N´importe quel boulot il s´en fiche
Pourvu qu´il en ait plein les mains
Pompiste ou bien haltérophile
Tout ce qu´il veut c´est qu´on l´engage.
Faut aussi que vous sachiez
Qu´à ce propos il m´a fait peur
Le jour où dans le vestibule
Il a voulu que je l´entende.
Moi qui suis pour la paix des races
Cette fois j´étais bien coincé
Il a donc fallu que j´y passe
D´ailleurs on a recommencé.
Mais ce n´était pas par vice
Dans le fond c´était pour l´aider
J´ai voulu lui rendre service
Car on n´est jamais trop aidé.
Maintenant j´en suis convaincu
D´ailleurs ça rime avec mon cœur
Une fois ses préjugés vaincus
On ne connaît plus son bonheur.
Il y a 10 ans environ, j’avais été choisi pour faire sa première partie dans une ville de Picardie, alors qu’il essayait de relancer sa carrière par une série de concerts .
Je n’étais pas qu’un peu fier ! Avec mes musicos, avant le spectacle, on était allés le voir dans sa loge pour le remercier.
Il semblait assez préoccupé, mais il a été très sympas.
On a pas trop échangé pour ne pas le déconcentrer.
Il faut dire que l’on a bénéficié des mêmes conditions techniques que celles qui étaient prévues pour son récital, et ça, c’est l’indice que « Celui-là », c’était un chic type. Salut Pierre.

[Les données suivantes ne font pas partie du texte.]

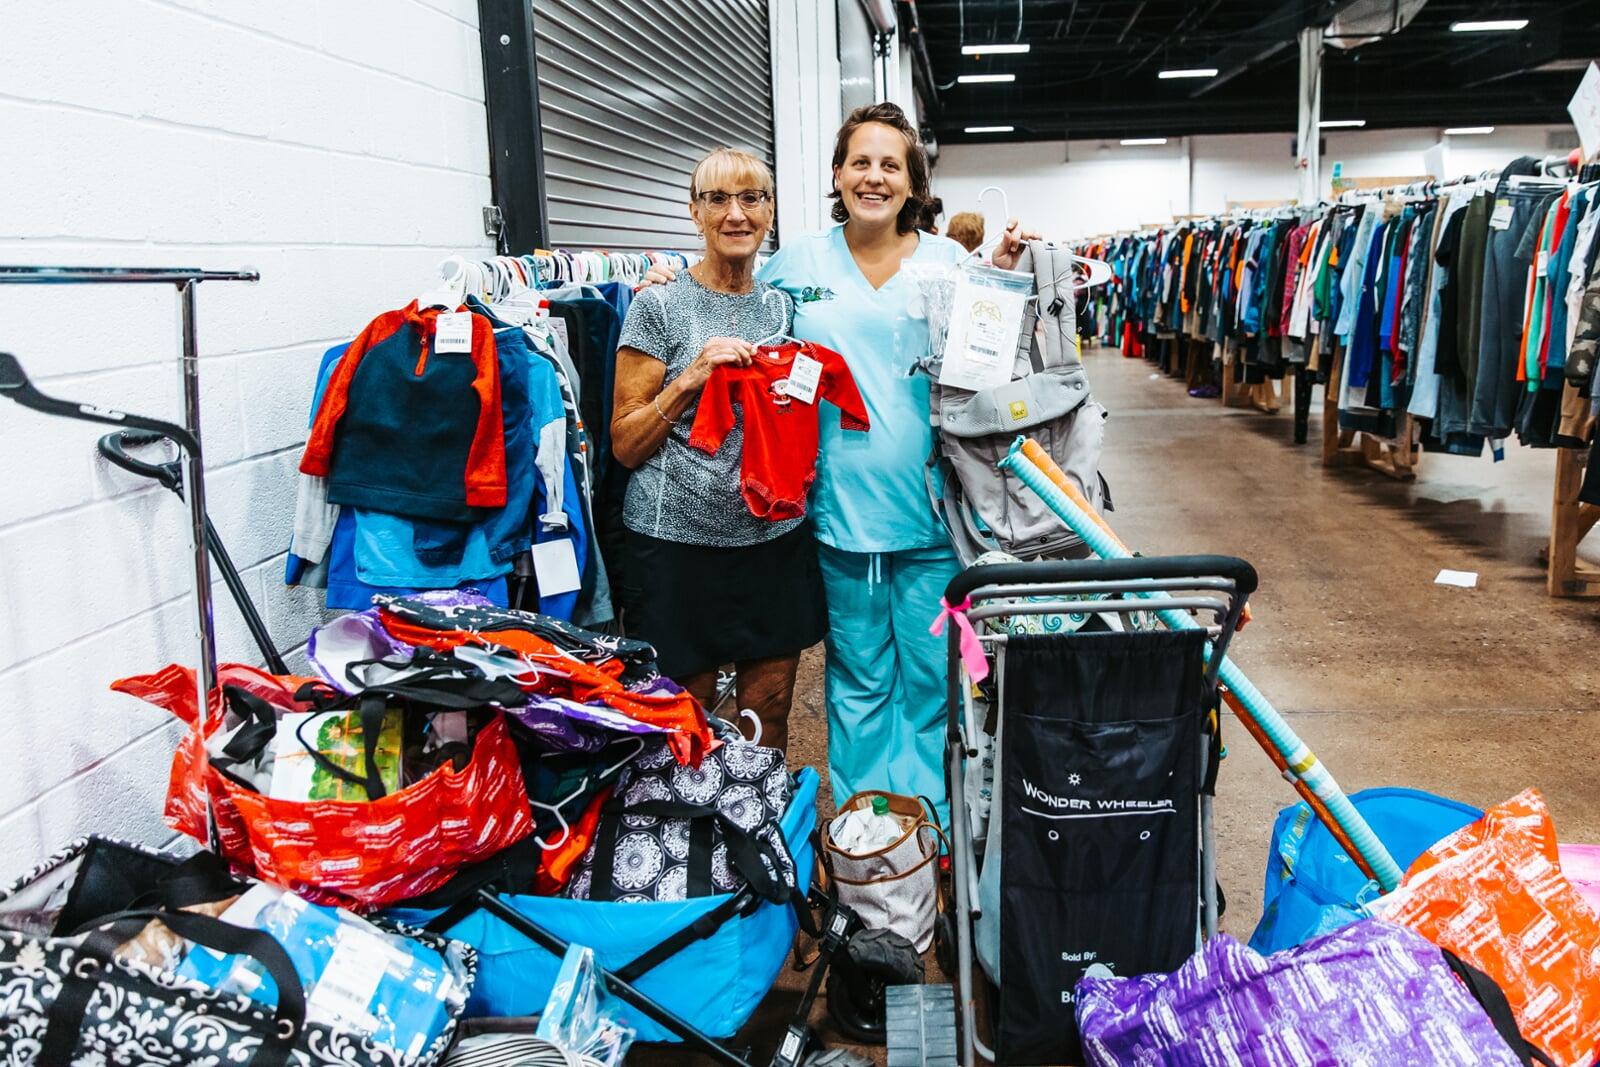 Two women are surrounded by bags, racks and carts of items they found while shopping at the JBF sale.

(prélevé sur facebook, ce compte-rendu des obsèques de Pierre Vassiliu, à Sète, par Pascal Larderet)·
Je vais faire un petit compte rendu de la cérémonie d’hier.
D’abord bravo la cérémonie était vraiment réussie dans la mesure ou il y a eu une vraie synthèse du personnage de Pierre avec des moments d’émotions fortes avec des larmes mais aussi de grands éclats de rire particulièrement avec l’intervention magistrale de James Bean et bien entendu de la paillardise avec ce grand moment final ou Laura offre sa petite culotte sur le cercueil de Pierre et qu’une petite dizaine de femmes présentes dans l’assemblée l’imitent et lui offre aussi leurs petites culottes pour l’accompagner dans la crémation, bravo mesdames ce fut un bel hommage au monsieur.
La Fête s’est poursuivi sur la plage avec Champagne, et vin rouge, c’était festif gai et tous avons parler beaucoup de Pierre, on s’est connu on s’est reconnu c’était juste.
La Fête s’est poursuivi tard dans la nuit pour l’ouverture de la St Louis à la guinguette musicale de chez Lulu à Sète autre personnage sétois disparu lui aussi récemment.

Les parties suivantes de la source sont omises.